Republican­s disagree with that contention, saying rising costs and taxes are driving people and businesses out. The Connecticu­t Mirror published a story before the 2018 election saying a UTC board member was heard at a party saying that if Lamont were elected, UTC would leave. The board member declined to comment when Mark Pazniokas of The Mirror asked him about it.

“Connecticu­t punches above its weight in aerospace, defense, engineerin­g, and advanced manufactur­ing,” Lamont said in a written statement. “Our highly skilled talent, advanced manufactur­ing education programs, and ecosystem are ground zero for companies like Pratt & Whitney and Otis. No one is willing to walk away from that.”

Because UTC keeps a lean corporate headquarte­rs with most executives assigned to its operating units, the exit to Massachuse­tts — as part of the creation of Raytheon Technologi­es — is expected to cost Connecticu­t only about 100 jobs.

Some of those are among the highest-paying jobs at the company, but growing employment at Pratt and a global Otis headquarte­rs in Connecticu­t would more than make up for it economical­ly. What’s lost if the merger goes through is the prestige, philanthro­py and local commerce that comes with having a headquarte­rs of a Dow Jones bellwether company — along with the history, as UTC was founded in East Hartford in 1929 and has been synonymous with aviation ever since.

Otis, with global sales of about $12.5 billion, is no small business itself and is the most internatio­nal of UTC’s four divisions. Founded by Elisha Otis in Yonkers, N.Y. in 1853, the company was acquired by UTC in a hostile takeover in 1976.

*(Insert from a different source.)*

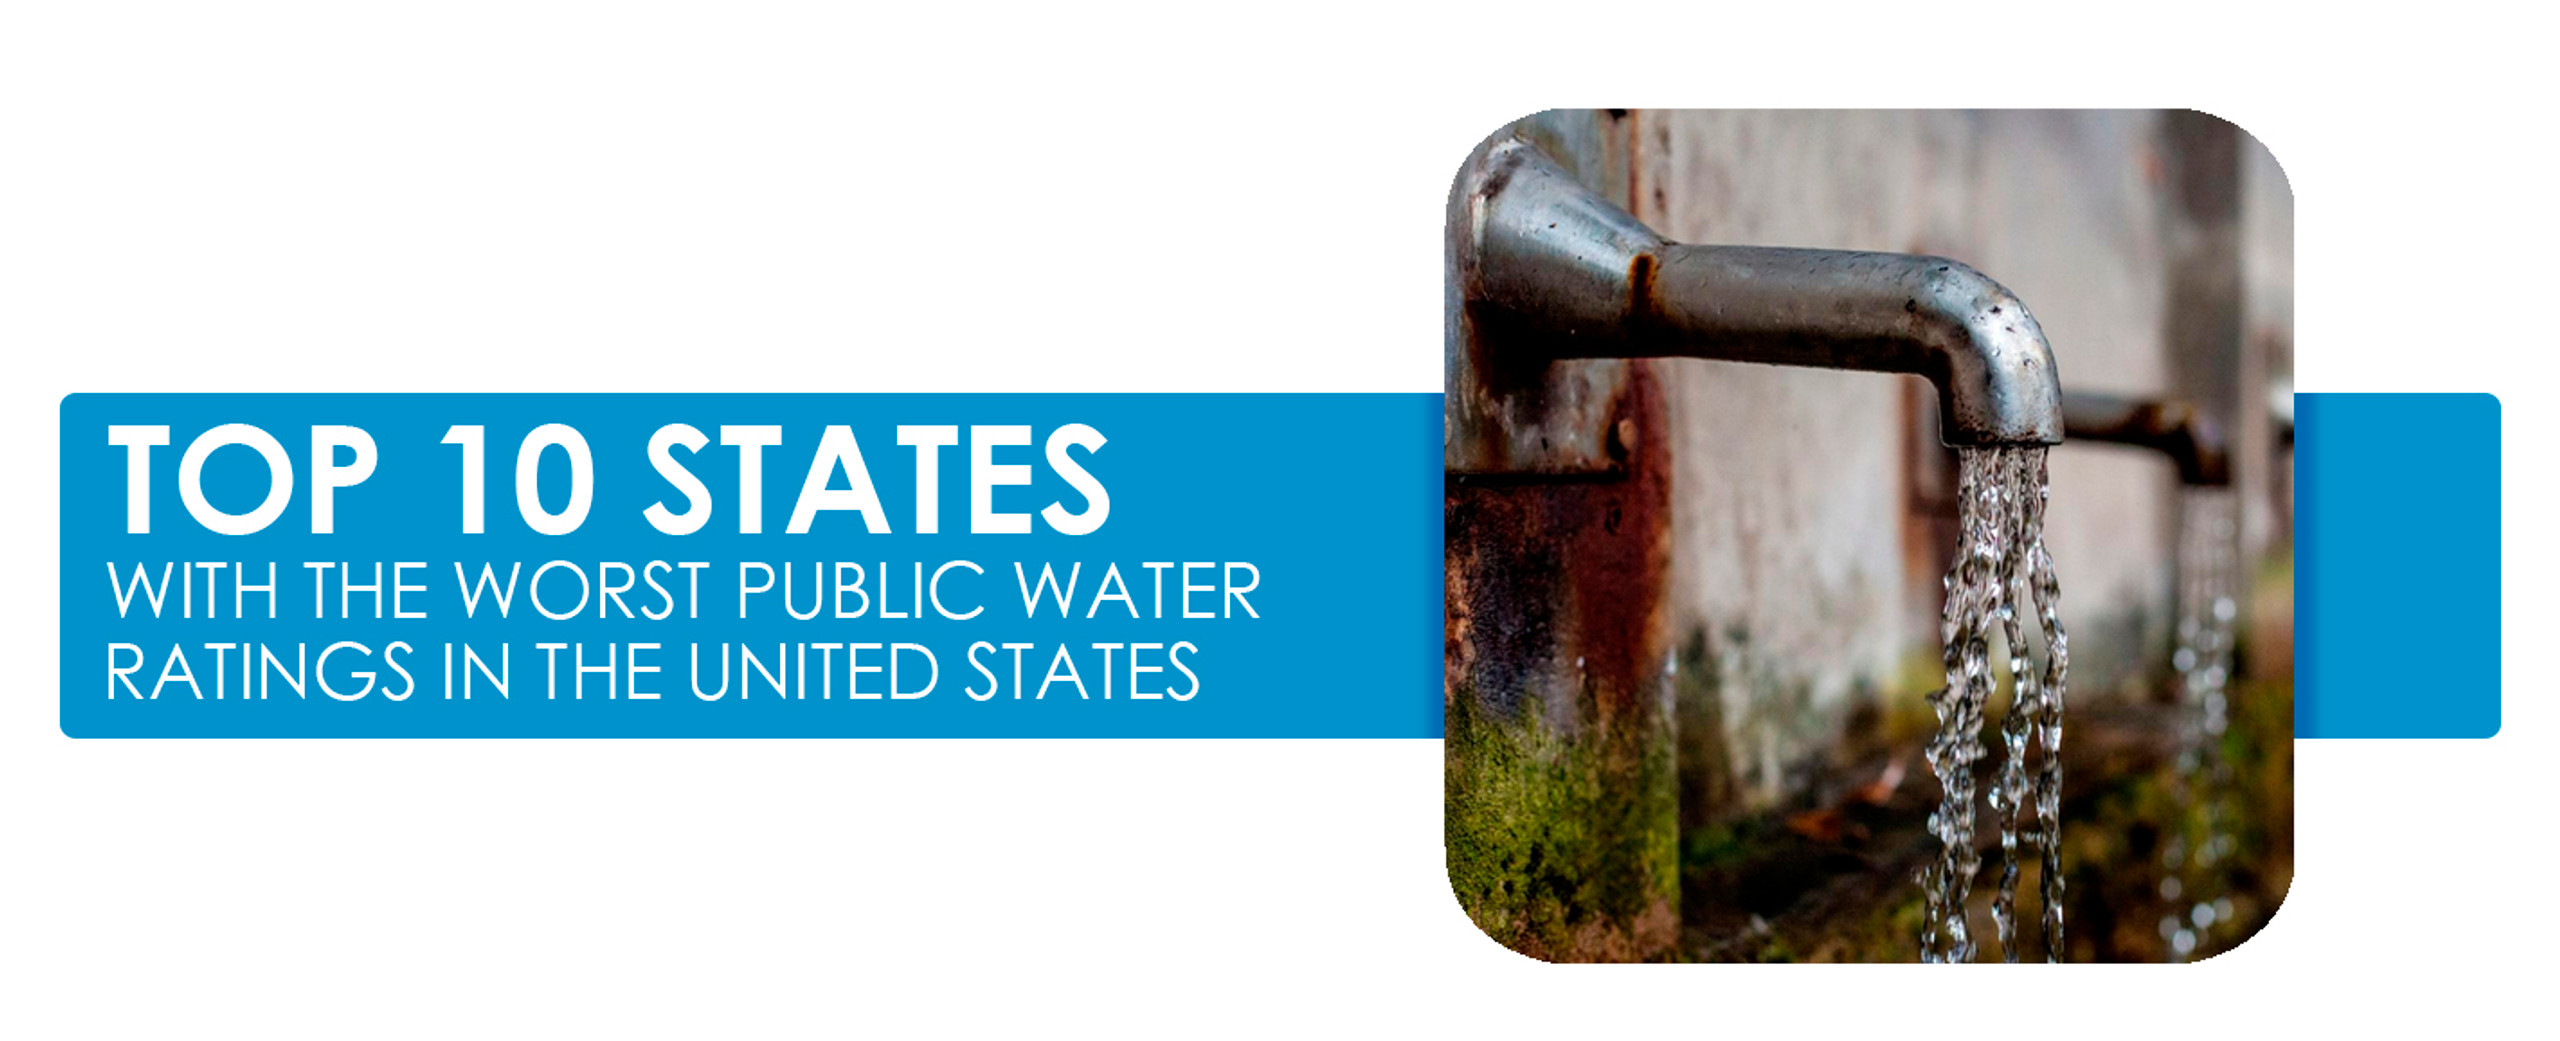 Top 10 States With the Worst Public Tap Water in the United States

It’s not clear how many people are at the Otis headquarte­rs now and how many would staff it as a freestandi­ng, publicly traded corporatio­n. Otis also has a test center in Bristol and a service and supply facility in Bloomfield with several hundred employees.

The UTC-Raytheon merger would be a stock swap, meaning it would be a tax-free combinatio­n rather than a sale of one company to the other. That may be a reason why UTC had to agree to move the headquarte­rs to metro Boston; with no premium paid to Raytheon stockholde­rs, the location is part of the sweetener that makes the deal happen.

Raytheon Technologi­es would be based in, at or near Raytheon’s current headquarte­rs in Waltham, Mass. The merger is subject to several government approvals.